Cloud computing has transformed the way organizations operate, providing unparalleled flexibility, scalability, and cost-efficiency. However, with these benefits come new security challenges and emerging risks. As organizations increasingly move their operations to the cloud, ensuring the security and privacy of data has become more critical than ever. A robust cloud penetration testing program helps internal IT teams protect their organizations by identifying and mitigating security risks in the cloud.

A pitfall organizations face when building a cloud pentesting strategy is handling rapid cloud migration. An application hosted on-prem will have significantly different security requirements from one in the cloud. Cloud security controls can often be more complex with intricate nuances. Another pitfall is assuming that cloud services are secure by default. Even though the cloud provider manages some aspects around security, organizations still have a responsibility to understand what exactly is within their control to secure.
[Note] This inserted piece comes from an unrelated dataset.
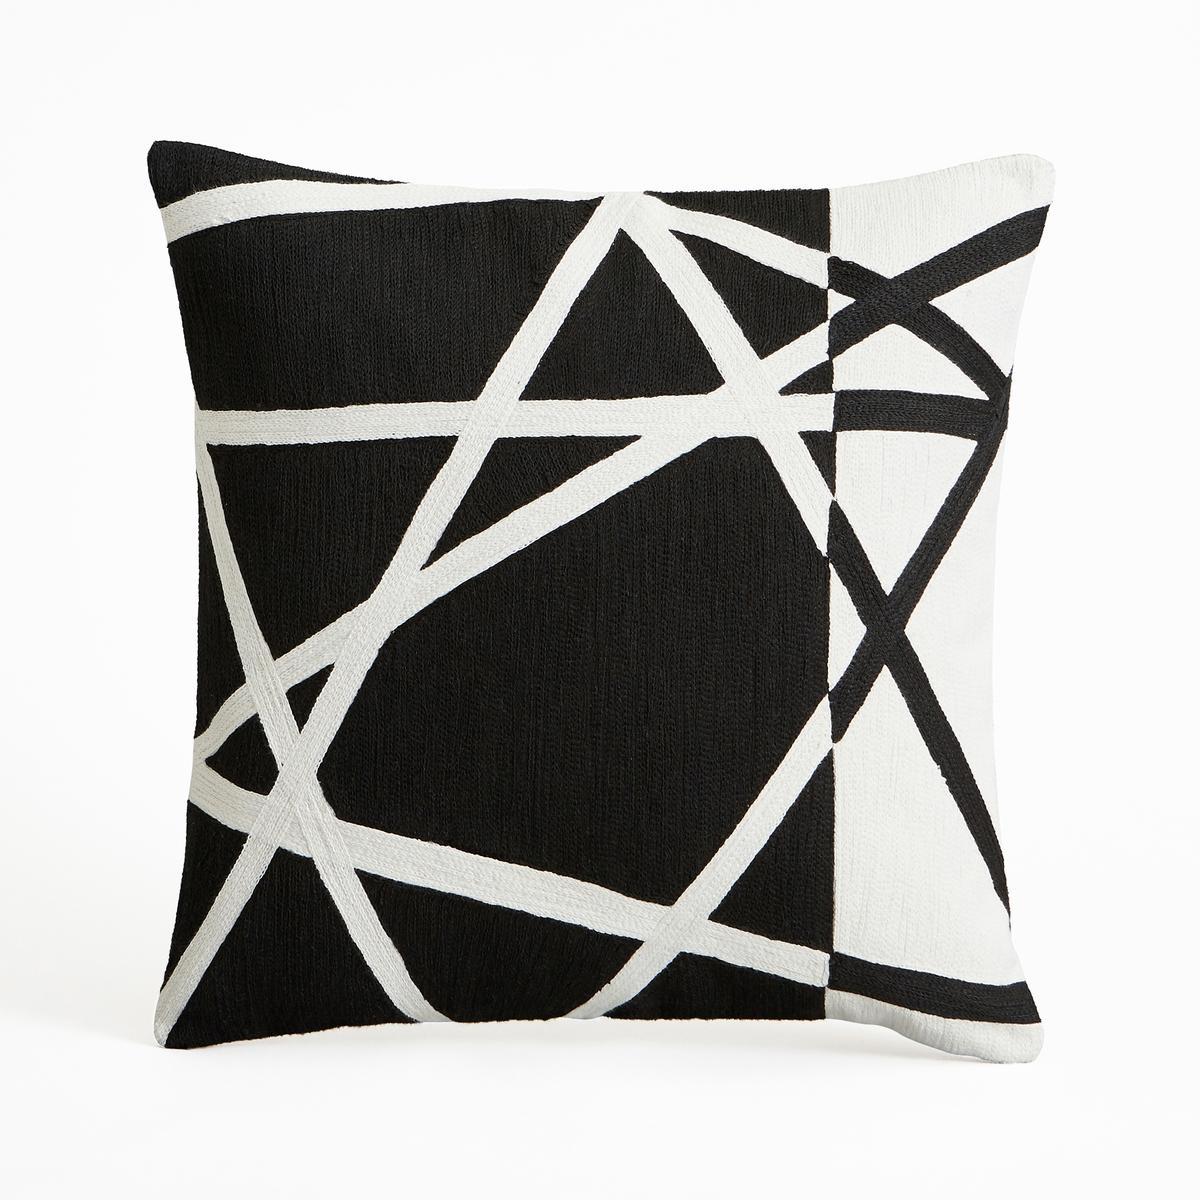 Наволочка на подушку-валик Filadefo<br><br>Цвет: черный/ белый<br>Размер: 40 x 40  см

Sometimes the default settings from the cloud provider are not always the most secure for every environment. This differs from a traditional security program because of the shared responsibility or “shared fate” model.

With this model in mind, organizations need to look at the key components of a comprehensive cloud penetration testing program in light of their business objectives to implement a secure cloud effectively.

Best Practices to Create a Cloud Penetration Testing Program 

Creating a secure cloud is a complex undertaking with decisions that need to be tailored to your business goals and tech stack. Thomas Elling and the Cloud Pentesting team have compiled three aspects of creating a cloud pentesting program that will help any team incorporate security protocols from ideation to deployment.

1. Building a secure cloud from the start 

Making security-conscious design decisions from the start of a cloud adoption helps IT teams avoid retroactive decisions that result in rework and disjointed integration of technologies. It’s important to consider this from a human element and a technical one. For example, from the human lens, consider partnering security engineers and pentesters with DevOps groups to create secure by default environments. Whereas from a technical standpoint, consider using Infrastructure as Code (IaC) adoption to help enforce a security baseline.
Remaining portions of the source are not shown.